What is the scope of the patent's protection?

The scope of Patent 4,761,237 extends to the chemical compound AFH itself and its application in specific chemical syntheses. The patent aims to prevent others from making, using, selling, or importing AFH, as well as from practicing the claimed methods of preparing AFH and using it as an intermediate.

The breadth of the claims is crucial. Claim 1, a composition of matter claim, provides broad protection for the molecule itself, regardless of how it is made or used. Claims 2, 3, and 4 define specific processes and applications, limiting the scope to those particular activities.

The patent's focus on AFH as a synthetic intermediate suggests its value lies in enabling the production of downstream APIs.
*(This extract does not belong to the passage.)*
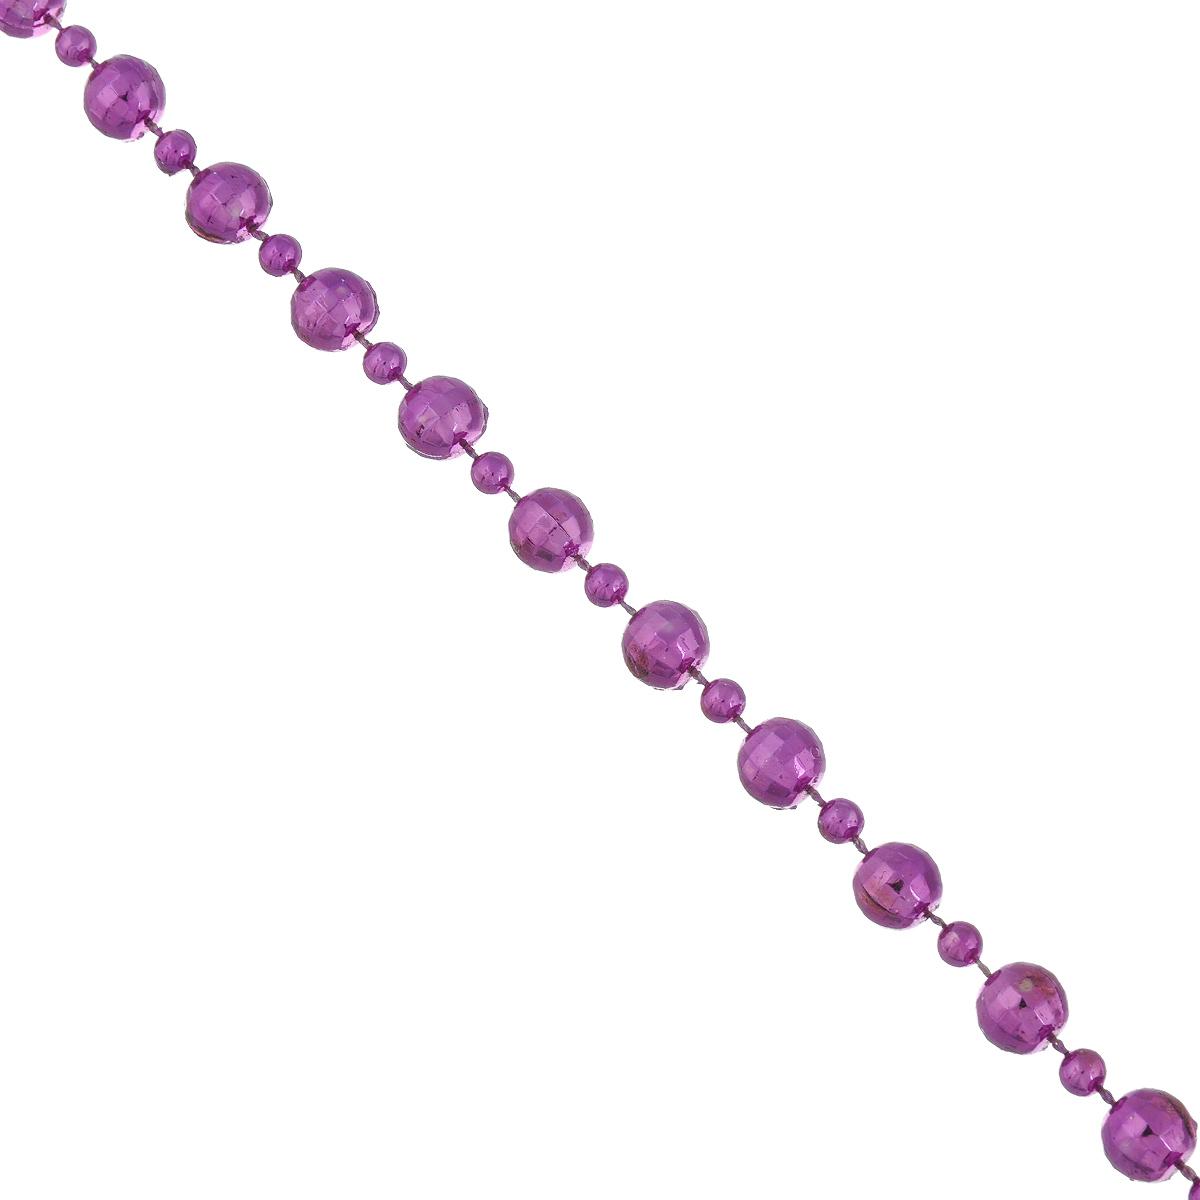 Новогодняя гирлянда Lunten Ranta Диско, цвет: фиолетовый, длина 2 м67Новогодняя гирлянда Lunten Ranta Диско отлично подойдет для декорации вашего дома и новогодней ели. Изделие, выполненное из пластика, представляет собой гирлянду, на текстильной нити, на которой нанизаны круглые бусины разных размеров. Новогодние украшения несут в себе волшебство и красоту праздника. Они помогут вам украсить дом к предстоящим праздникам и оживить интерьер по вашему вкусу. Создайте в доме атмосферу тепла, веселья и радости, украшая его всей семьей. Диаметр бусин: 1 см; 0,4 см.

Therefore, the patent's economic significance is tied to the market success and patent protection of the APIs that utilize AFH in their manufacturing process.
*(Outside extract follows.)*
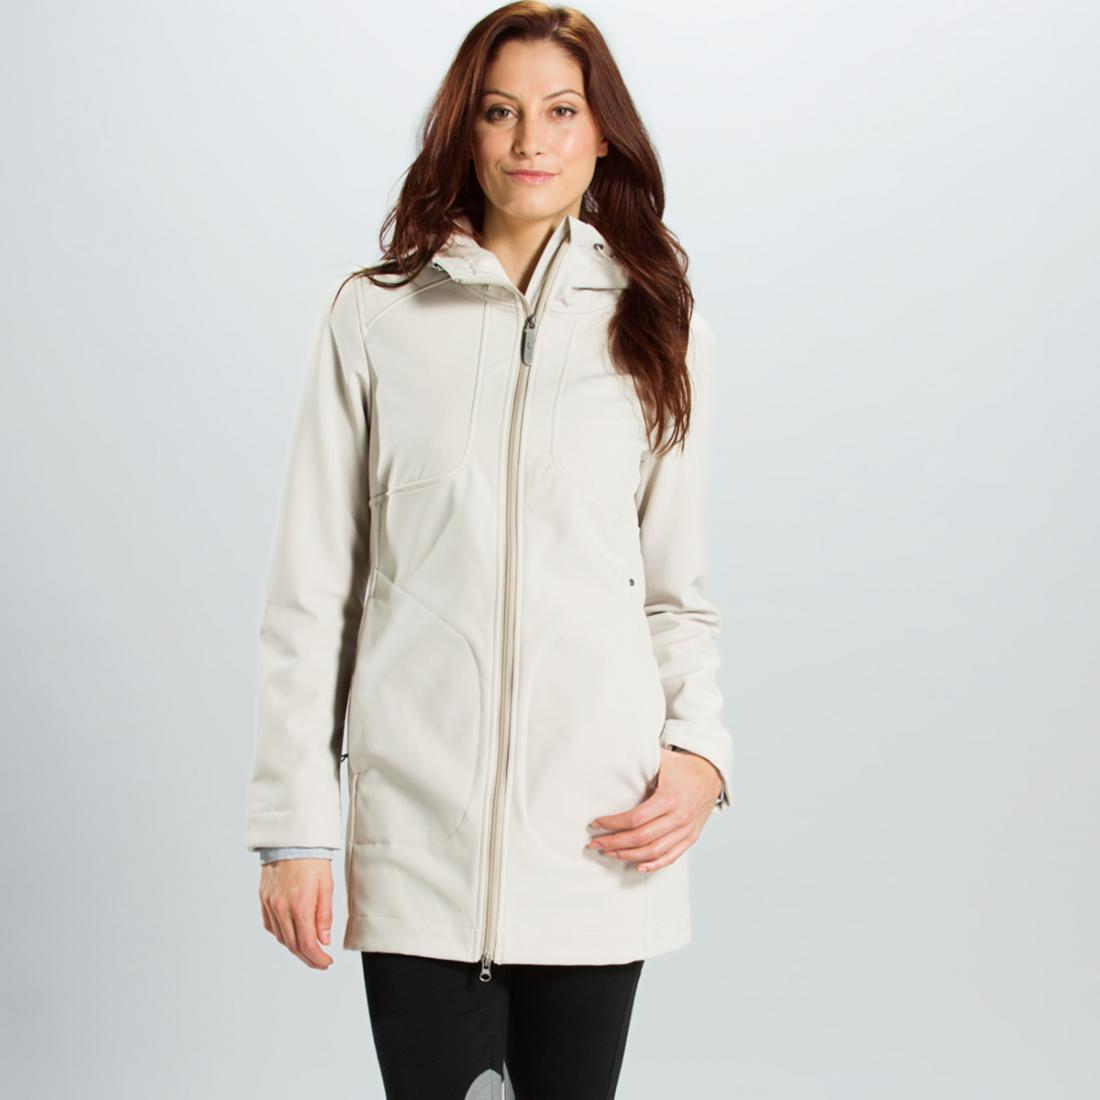 Куртка LUW0197 MUSE JACKETКуртки<br><br> Практичная вещь для межсезонья – куртка Muse отличается мягким подкладом, приятным на ощупь. Мембранная пропитка защитит от дождя и ветра, что является обязательным требованиям к вещам для осени и весны.<br><br><br><br><br>Плащ с фронталь...<br><br>Цвет: Белый<br>Размер: M

What is the status of Patent 4,761,237?

United States Patent 4,761,237 was granted on August 2, 1988. U.S. utility patents have a term of 20 years from the date on which the application for the patent was filed.

Filing Date: June 26, 1987
Grant Date: August 2, 1988
Patent Term Expiration: June 26, 2007

Therefore, U.S. Patent 4,761,237 is expired. This means the compound 1-acetyl-2-formylhydrazine and the claimed processes for its preparation and use as an intermediate are now in the public domain in the United States.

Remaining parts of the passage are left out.